More on bus stop shelters

I don’t know if many readers follow the comments section of WestSideAction. There is often good material and alternate views in there.

After the story on improved bus stops, a reader wrote with info that I thought others might find interesting…

There are lots of different and interesting different OCTranspo shelters. The black one you chose to photograph at Slater and Metcalfe is interesting, as it is unique in the system and no other shelter is quite like it, with curved glass end panels. Other shelters with curved roofs all have a metal panel to allow identical rectangular glass to be used in all shelters.

All shelters in the OC Transpo system, save for some very old ones, use the same size of glass panels to simplify maintenance. All shelters are therefore fixed to being one or two panels of glass deep.

The shelters you picture at Tunney’s are unique to train stations, as the design matches. Blair, Hurdman and Tunney’s will all have some. They are also built with provisions for heat, though I believe only the night stop will be equipped initially.

The Trillium line shelters that were upgraded in 2013 all feature sealed bottoms, though the tops are vented as they don’t have doors or heat. One shelter was removed from each platform at Carleton U this past year, as part of the faregate project (they were replaced, just with four smaller shelters). I was pleased to see the reused shelter pop up on Data Centre road at Heron Station, with the sealed bottom intact.

Baseline has shelters similar to the ones installed along the Trillium line, but two glass panels deep. Doors, sealed bottoms and heat were retrofitted onto all of the shelters there last year. It doesn’t look as finished as the ones at Tunney’s, and the top is still vented, but it does the job.

You’re probably seen a few of the current shelters OC is installing at regular bus stops; silver, normal sized, and with a curved, transparent roof. The transparent roof is nice as light from streetlights can enter the shelter, but sun does as well on a hot summer day. Ventilation in these shelters is still important because of this.

The real-time arrival screens are very nice. As you notice, the screens at concourse level show all routes serving the station. At each individual stop though, the screens show only the routes serving that stop. The concourse level screen st Greenboro is absolutely gigantic, 72 inches or so. Overall, it seems the screen project was very well executed by OC.

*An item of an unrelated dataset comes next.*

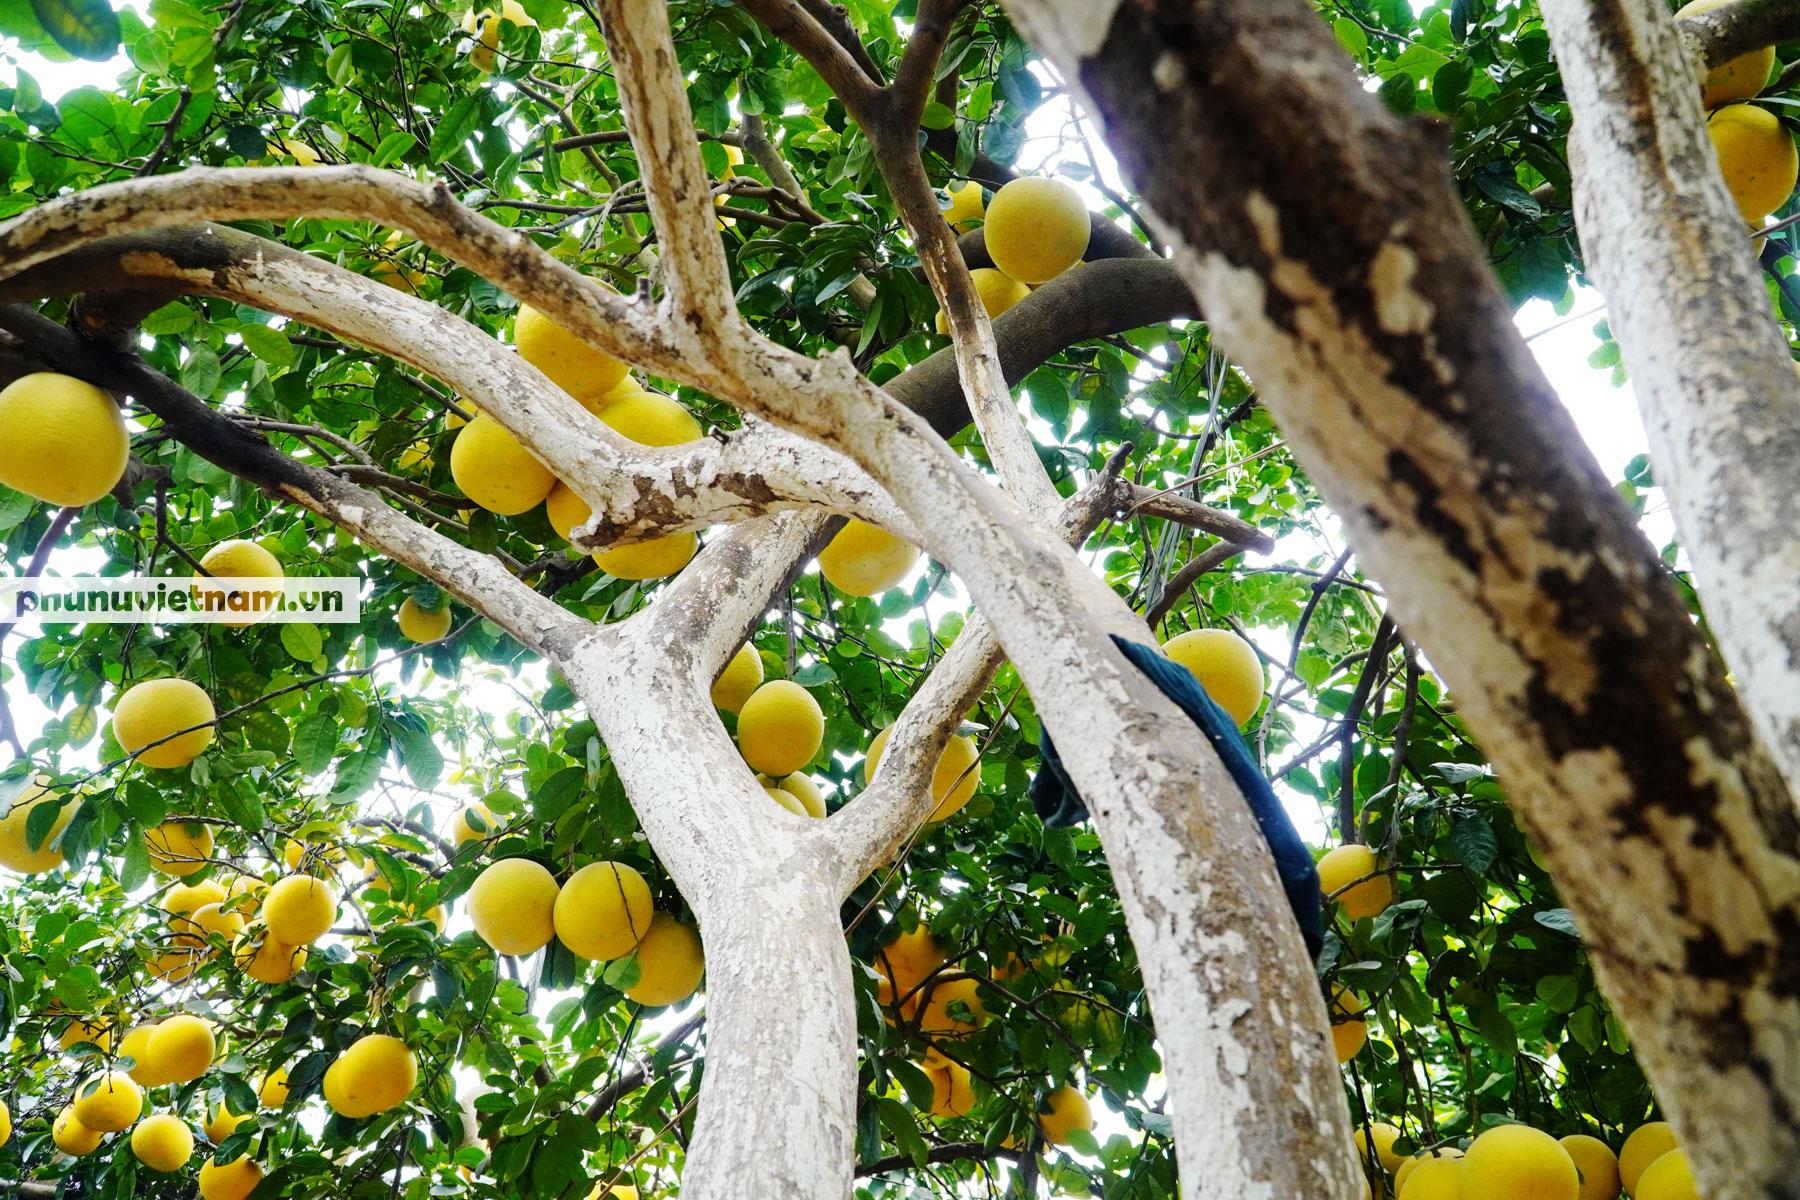 Vườn bưởi Diễn tuổi 30, chi chít cả trăm quả chào Xuân Tân Sửu - Ảnh 1.

8 thoughts on “More on bus stop shelters

  1. I don’t care what kind of shelter it is, I just want one at stop 2574 (Montreasl Rd just east of Blair and across the road from my part time job) but pleas have gone unanswered by OCTranspo. The stop is open to howling winds in the winter and 4 minutes wait seems like forever. There used to be a stop at the South East corner of Albert and Preston close to a senior’s apartment building. The land for a shelter was so small the only thing that fir was one of the really old ones with the red panels at the bottom. But hey- it did it’s job and everyone was great foul for it. Since then OCTranspo has moved the “Preston” stop about a block and a half East which is actually closer to Rochester than Preston.

  2. I look forward to your articles, and the comments as well, while I’m out of town. Keeps me up to date with the antics in town!

  3. Photos would be nice for those of us outside of Ottawa. I’d especially like to see an image of an in-station schedule screen for all buses, which I haven’t seen anywhere. I’ve written about this issue a bunch, see the discussion at point #14 in this blog entry, summarizing Greater DC experience in the context of a review of the then new Takoma Langley Crossroads Transit Center.

    http://urbanplacesandspaces.blogspot.com/2016/12/takoma-langley-crossroads-transit.html

    you might be interested in this too:

    http://urbanplacesandspaces.blogspot.com/2017/06/thinking-systematically-about-bus.html

    Plus this transit information application outside, as part of a rolling digital advertising installation.

    https://www.flickr.com/photos/rllayman/36387483825

  4. They just install similar bus shelter they have atTunney’s Pasture at the new Moodie station at Moodie/417. Which will open on Dec 24.

  5. While I am pleased to see that the new bus shelters are sealed at ground level, I wonder how long the ground level aluminum caps will survive, given the snow plow and salt damage that will be inflicted on them. Once damaged, will OC Transpo replace the facia on a timely basis, or will they suffer a similar indignity as Watson has inflicted with his asphalt patches on the concrete brickwork on various sidewalks and pedestrian routes (Sparks Street is down right embarrassing)?

    1. To be fair to Watson, and lord knows I am not in the business of being fair to him, the mismatched sidewalk-and-Sparks patching long predates him.

      It’s another reason to despise paving bricks and paving stones on pedestrian surfaces. Just use concrete or asphalt, prettyfied if must be, but not small objects prone to frost heave, plow damage, and other assorted destructive forces.

  6. The cost of those draft-resistant sealed bottoms is usually a couple of inches of slush, filth, and other assorted debris. Not a fan.